## WHAT THIS TASK INVOLVES
Starting with the line below that holds "Lebioda czyli komosa biała" and stopping after the line that holds "Car, Garage, Dark, Auto, Workshop, Maintenance, VehicleCar", transcribe the lines exactly, leaving out all pictures.

## INPUT FOR THIS TASK
↓↓↓

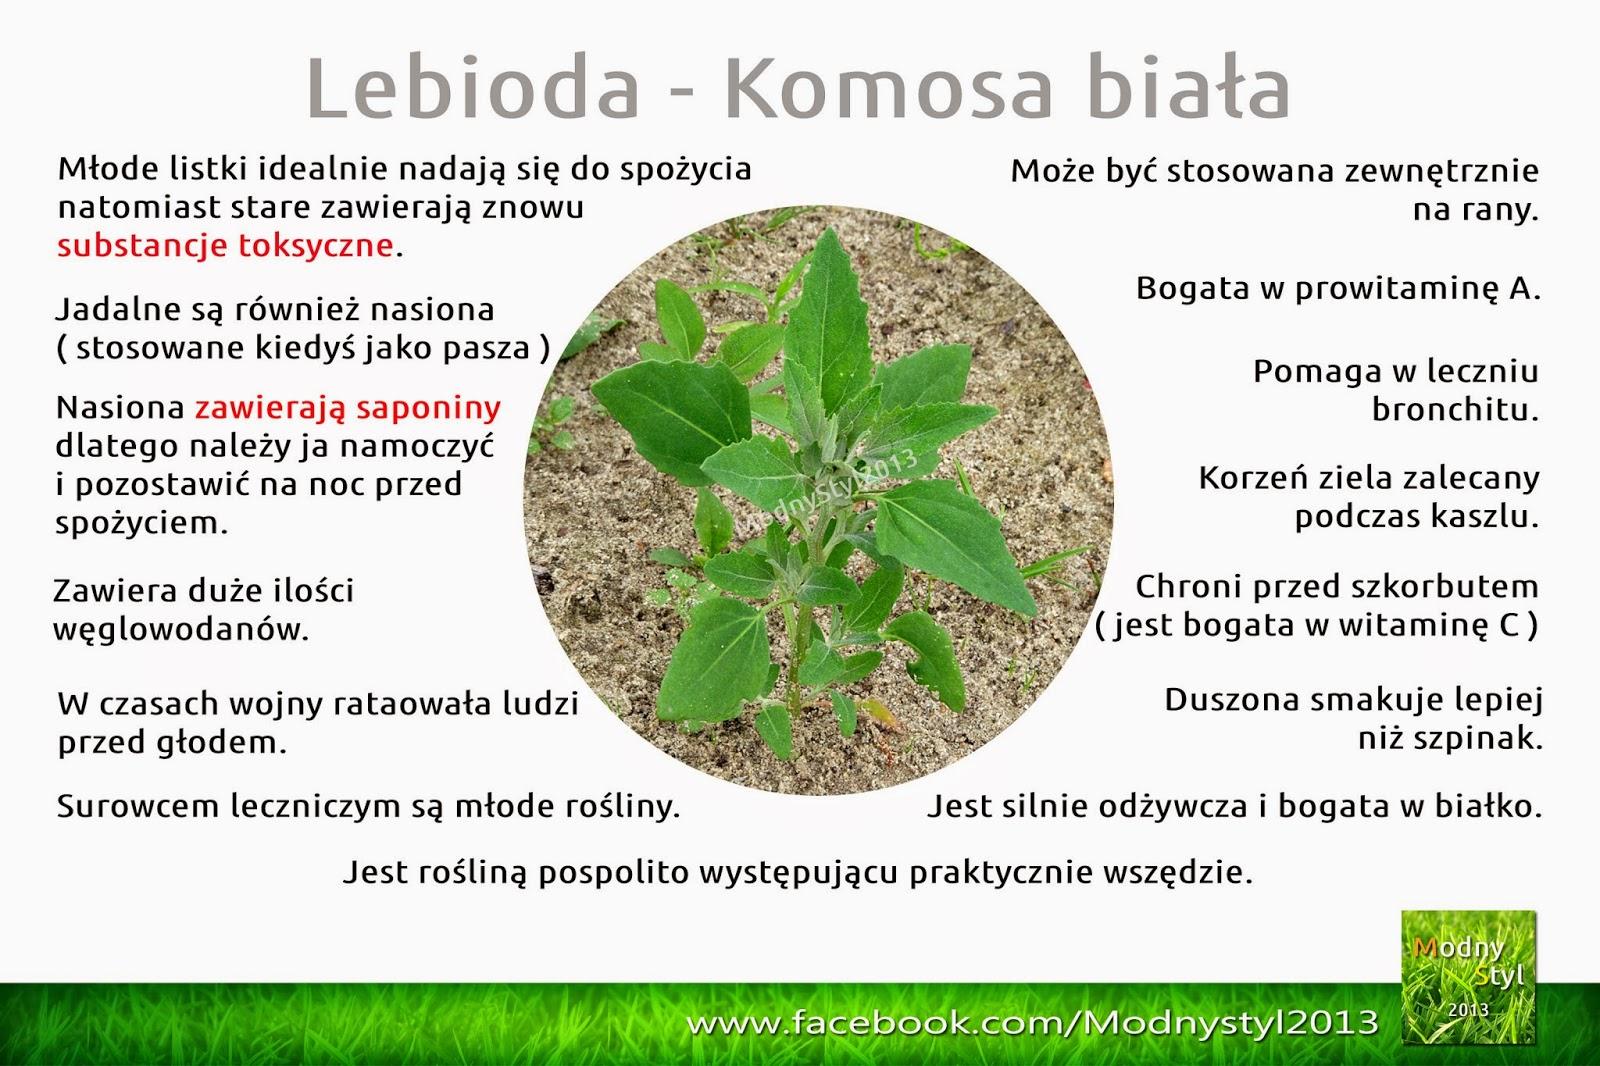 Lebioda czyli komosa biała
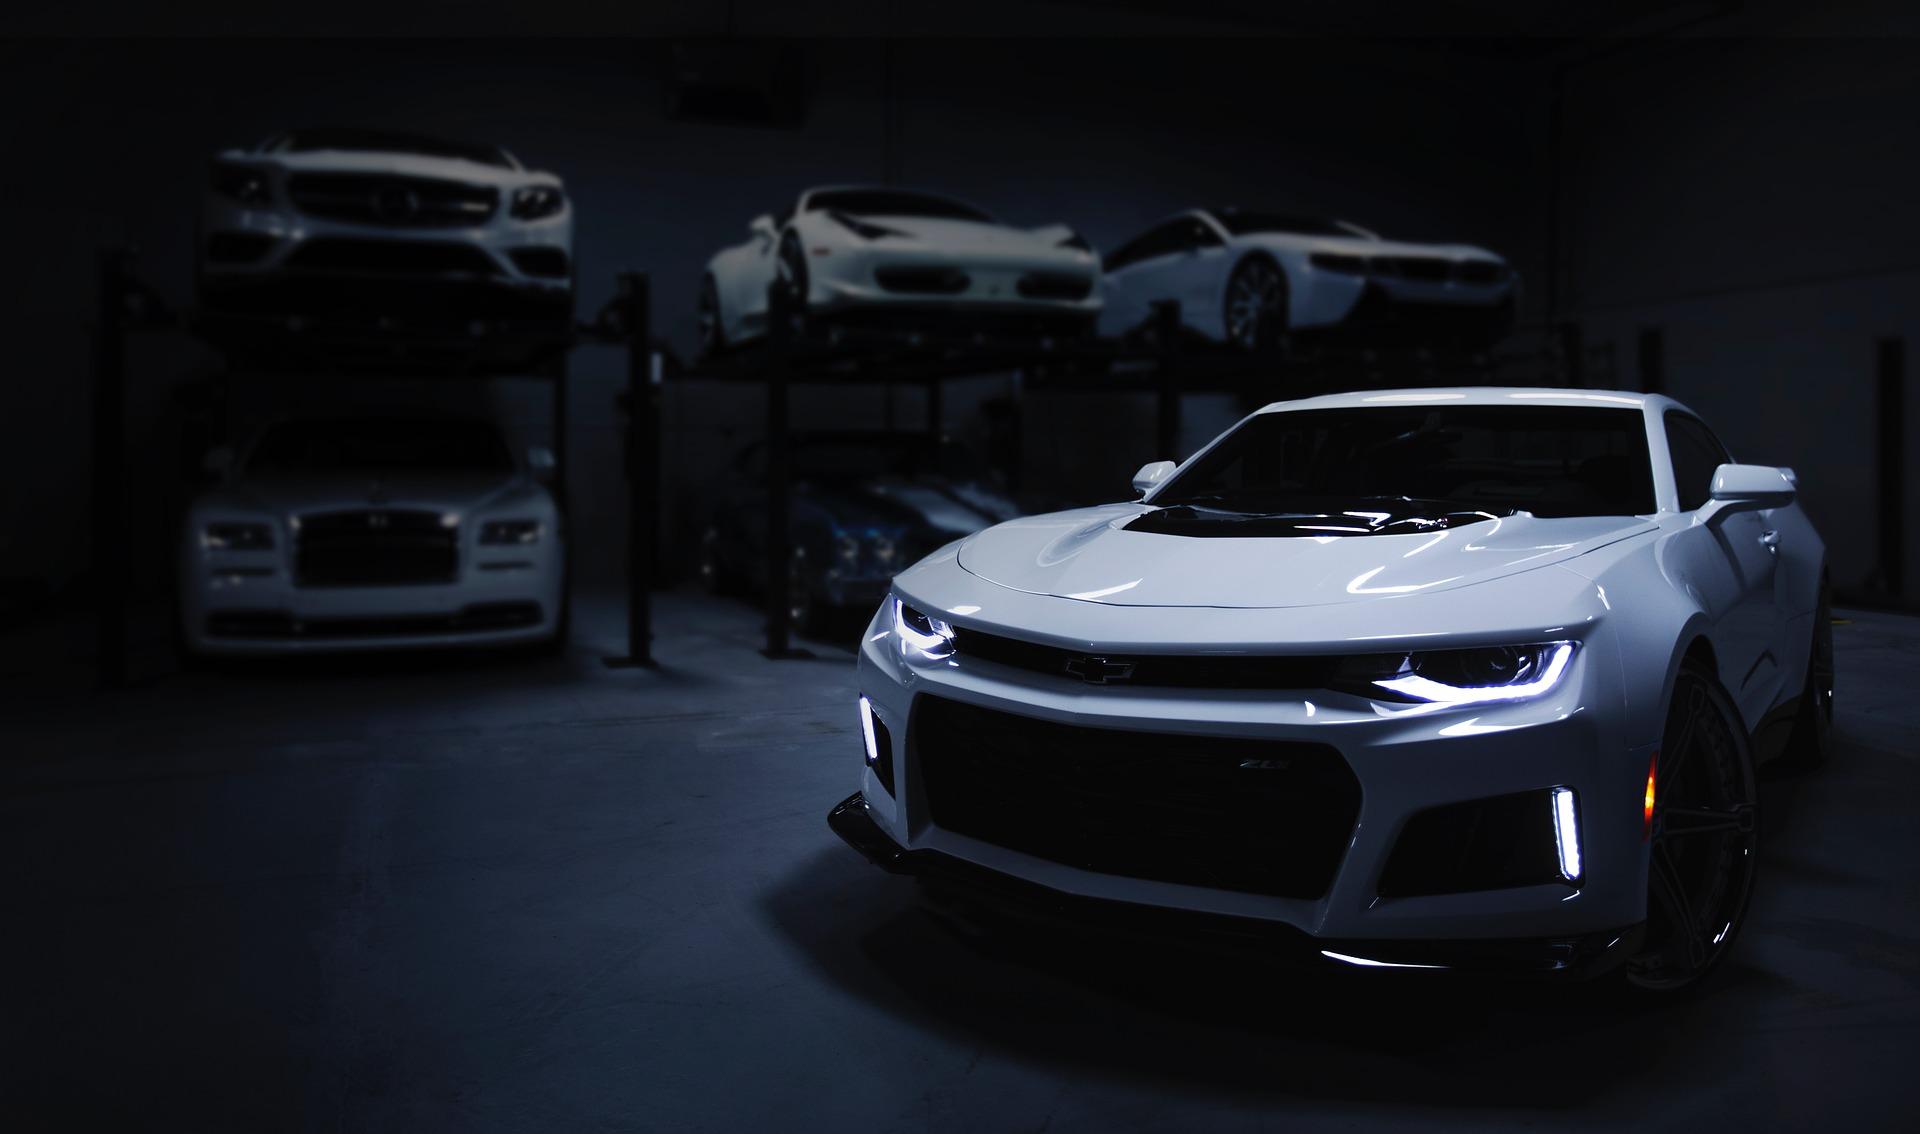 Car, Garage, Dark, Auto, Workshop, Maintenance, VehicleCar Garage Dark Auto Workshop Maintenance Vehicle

↑↑↑
↓↓↓

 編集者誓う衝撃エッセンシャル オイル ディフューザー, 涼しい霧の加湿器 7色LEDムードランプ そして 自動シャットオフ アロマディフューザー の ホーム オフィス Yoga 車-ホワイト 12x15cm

↑↑↑
↓↓↓

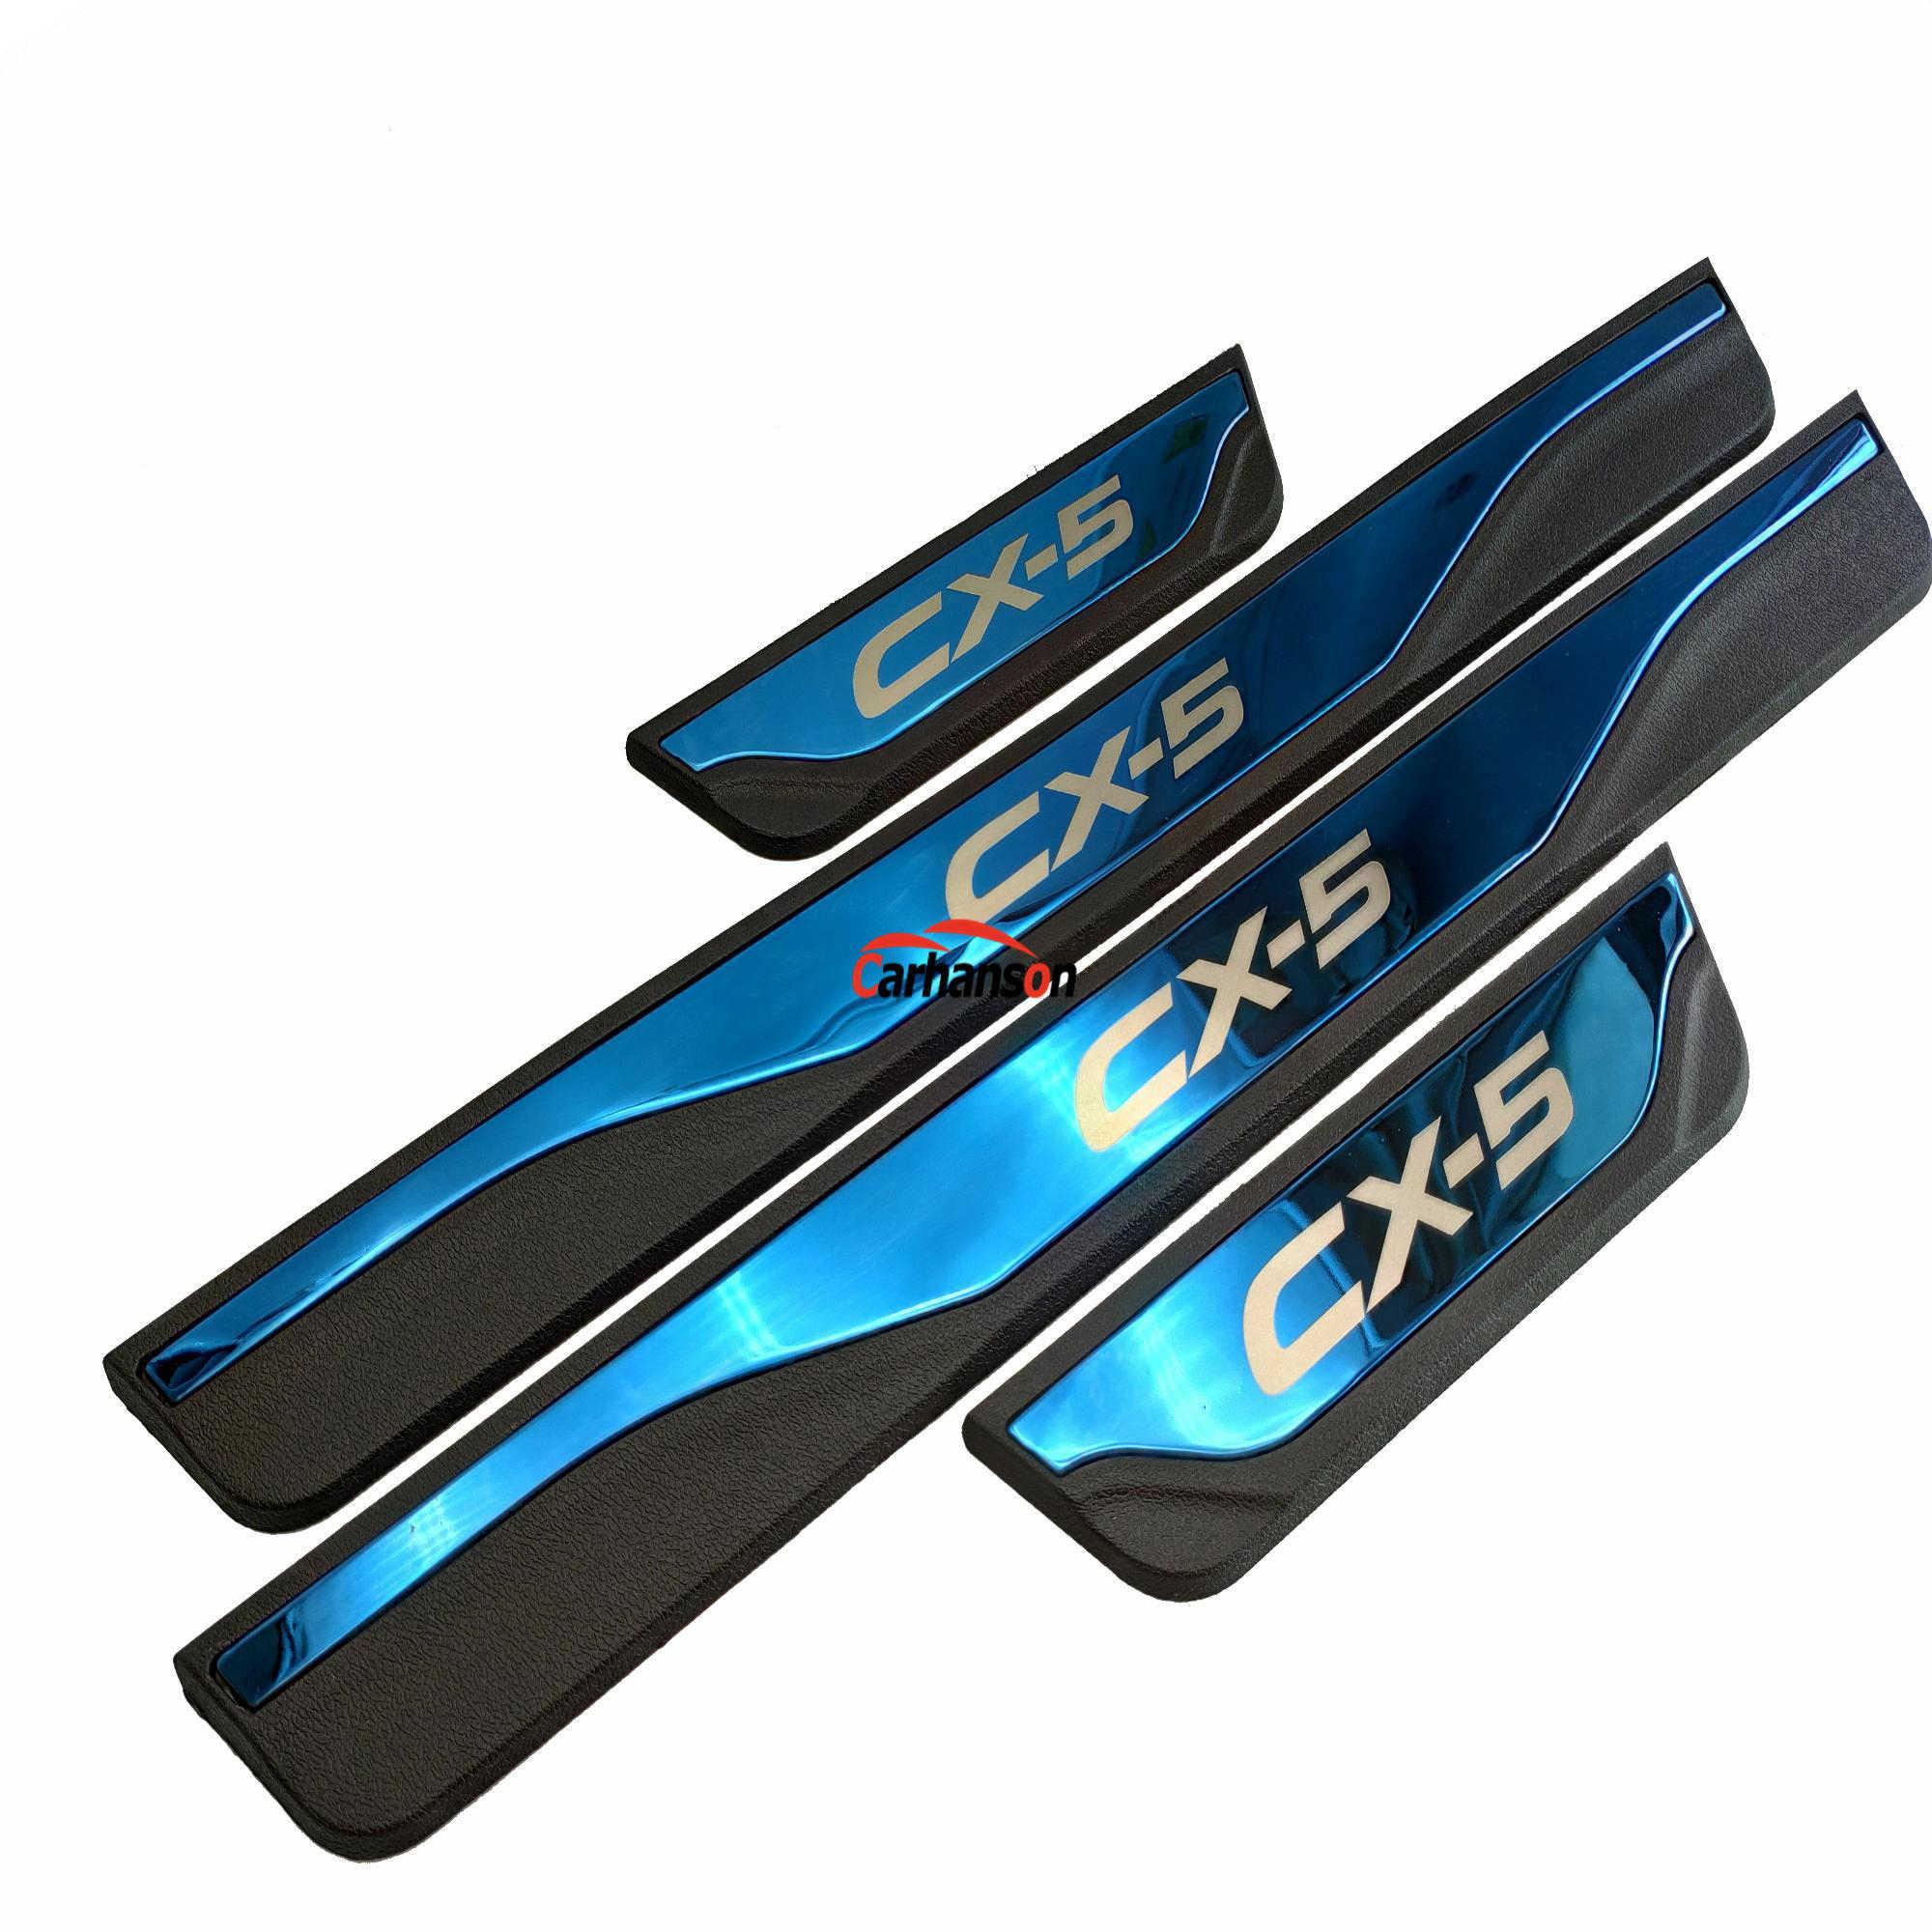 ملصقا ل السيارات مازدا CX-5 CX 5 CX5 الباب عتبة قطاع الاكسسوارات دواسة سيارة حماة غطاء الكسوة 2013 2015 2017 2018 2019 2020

↑↑↑

## TASK RESPONSE
 Lebioda czyli komosa biała
 Car, Garage, Dark, Auto, Workshop, Maintenance, VehicleCar Garage Dark Auto Workshop Maintenance Vehicle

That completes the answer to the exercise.